Task: Execute tasks in parallel but keep the output in the same order as input.
command: parallel — keep-order echo ::: $(seq 1 5)
UseCase: because sometime you need order in your life.
Task: Suppose you have a script process.sh that takes two arguments, and you want to run it for different combinations of arguments in parallel.

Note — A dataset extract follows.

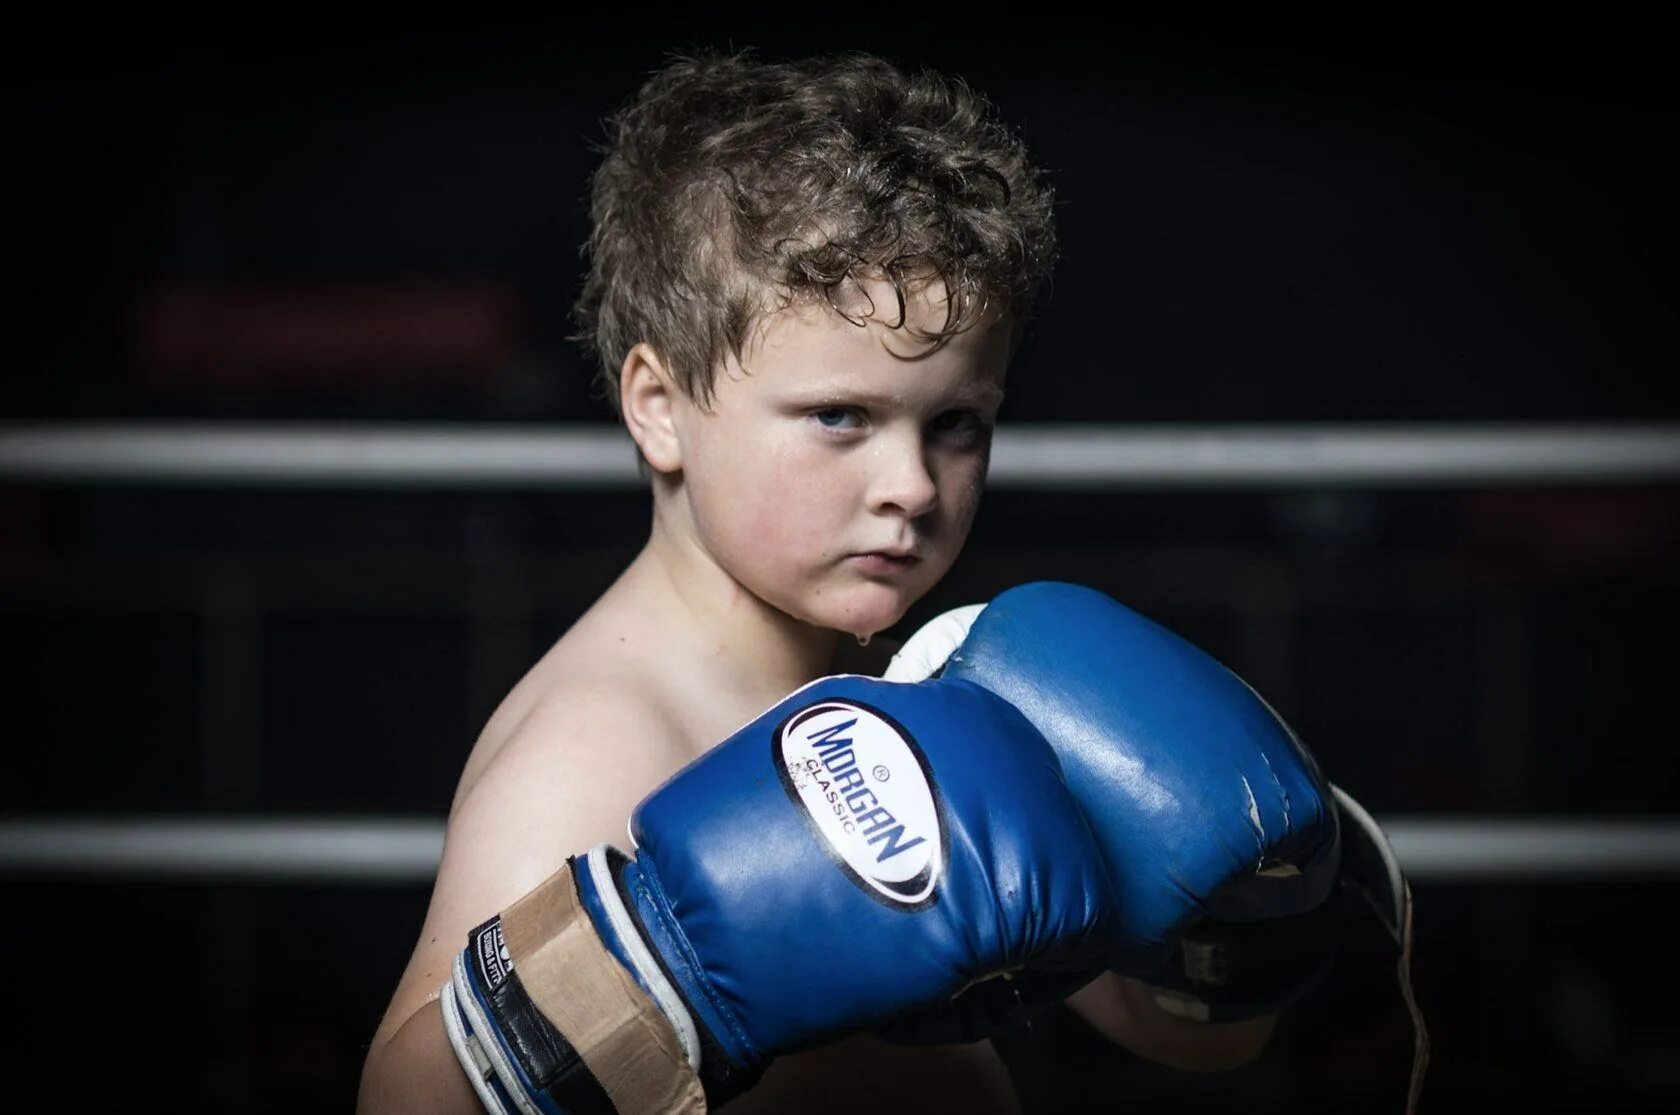 Мальчик в боксерских перчатках. Ребенок боксер. Детский бокс. Бокс дети. Покажи картинки бокса
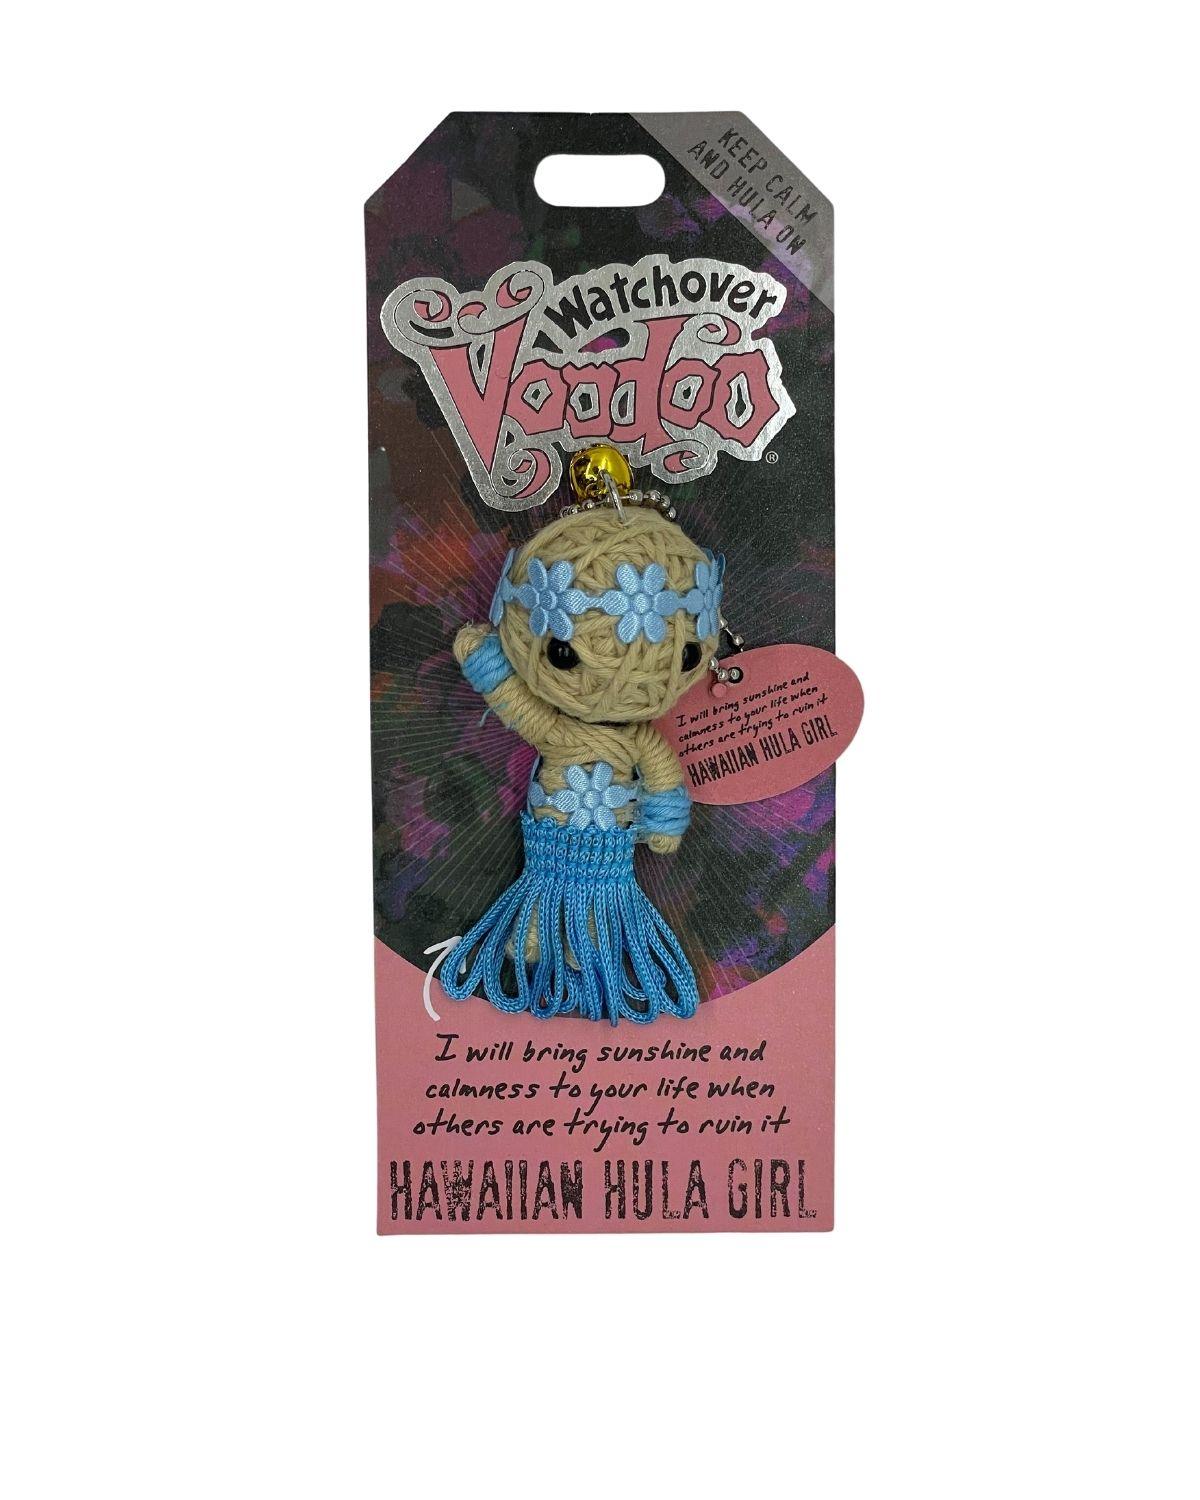 Watchover Voodoo Doll - Hawaiian Hula Girl - Watchover Voodoo - String Doll

command: parallel ./process.sh ::: arg1 arg2 arg3 ::: argA argB
This command will execute ./process.sh with all combinations of the arguments, resulting in six executions:
- ./process.sh arg1 argA
- ./process.sh arg1 argB
- ./process.sh arg2 argA
- ./process.sh arg2 argB
- ./process.sh arg3 argA
- ./process.sh arg3 argB
UseCase: I used this to test our system with different settings, revealing varying outcomes. We suspected the database might cache data, so we gave it a shot. Surprisingly, we ran ElasticSearch and Spring Boot on a modest 2 GB server, hitting an impressive average of 300+ requests per second on an EC2 instance with 30 concurrent requests. This convinced us to embrace Docker for ElasticsSearch and our apps, giving us more control over hardware and the power to maximize CPU usage.goodtimes.
How to Emulate File-Based Queue Logic for Resuming Processing?
The brilliance of a file-based task queue lies in its simplicity and dependability. Here’s a quick guide on how to set it up:
- Create a Task File: This file lists all the tasks to be processed, one per line, like a to-do list.
- Process with GNU Parallel: Run GNU Parallel, directing it to your task file. It picks up each task and executes it.
- Logging Progress: GNU Parallel keeps a progress log. If the process halts, you can resume it, and Parallel will continue from where it stopped, skipping completed tasks.
- Easy Resumption: This setup ensures that interruptions don’t require starting from scratch. Simply run the command, and it continues processing the remaining tasks.
Create a tasks file
echo "task1\ntask2\ntask3" > tasks.txt
Process with GNU Parallel
parallel --joblog progress.log < tasks.txt
An example of web scraping using a combination of tools like jq, GNU Parallel, and a file-based queue and utilising the DummyJSON website (chatGPT). Keep in mind that you can also use these tools individually for different purposes.
#!/bin/bash
Create a task file with URLs
echo "https://dummyjson.com/products/1" > tasks.txt
echo "https://dummyjson.com/products/2" >> tasks.txt
echo "https://dummyjson.com/products/3" >> tasks.txt
echo "https://dummyjson.com/products/4" >> tasks.txt
echo "https://dummyjson.com/products/5" >> tasks.txt
Create a queue file to store failed tasks
touch queue.txt
Create a CSV file with headers
echo "id,title,description,price,discountPercentage,rating,stock,brand,category" > output.csv
Function to process a task and append to CSV
function process_task() {
local url="$1"
# Download JSON response and convert to CSV
local csv_data
csv_data=$(curl -s "$url" | jq -r '.id, .title, .description, .price, .discountPercentage, .rating, .stock, .brand, .category' | tr '\n' ',')
# Check HTTP status code
local http_status
http_status=$(curl -s -o /dev/null -w "%{http_code}" "$url")
if [ "$http_status" -eq 200 ]; then
# Append CSV data to output.csv
echo "$csv_data" >> output.csv
# Remove the processed task from tasks.txt
grep -v "$url" tasks.txt > tasks_tmp.txt
mv tasks_tmp.txt tasks.txt
else
echo "Failed: $url (HTTP Status: $http_status)"
# Append the failed task to the queue file for retry
echo "$url" >> queue.txt
fi
}
Export the function so it can be used with parallel
export -f process_task
Process tasks with GNU Parallel
cat tasks.txt | parallel -j10 process_task
Clean up JSON files
rm -f *.json
Verify that tasks.txt and queue.txt are empty
if [ ! -s tasks.txt ]; then
rm tasks.txt
fi
if [ ! -s queue.txt ]; then
rm queue.txt
fi
echo "Processing completed."
I’m pondering whether to write about how I turned a stock prediction challenge into a machine learning adventure or perhaps dive into the showdown between Java virtual threads and Spring WebFlux. Well, that’s the plan for now. Until then, jai ram ji ki.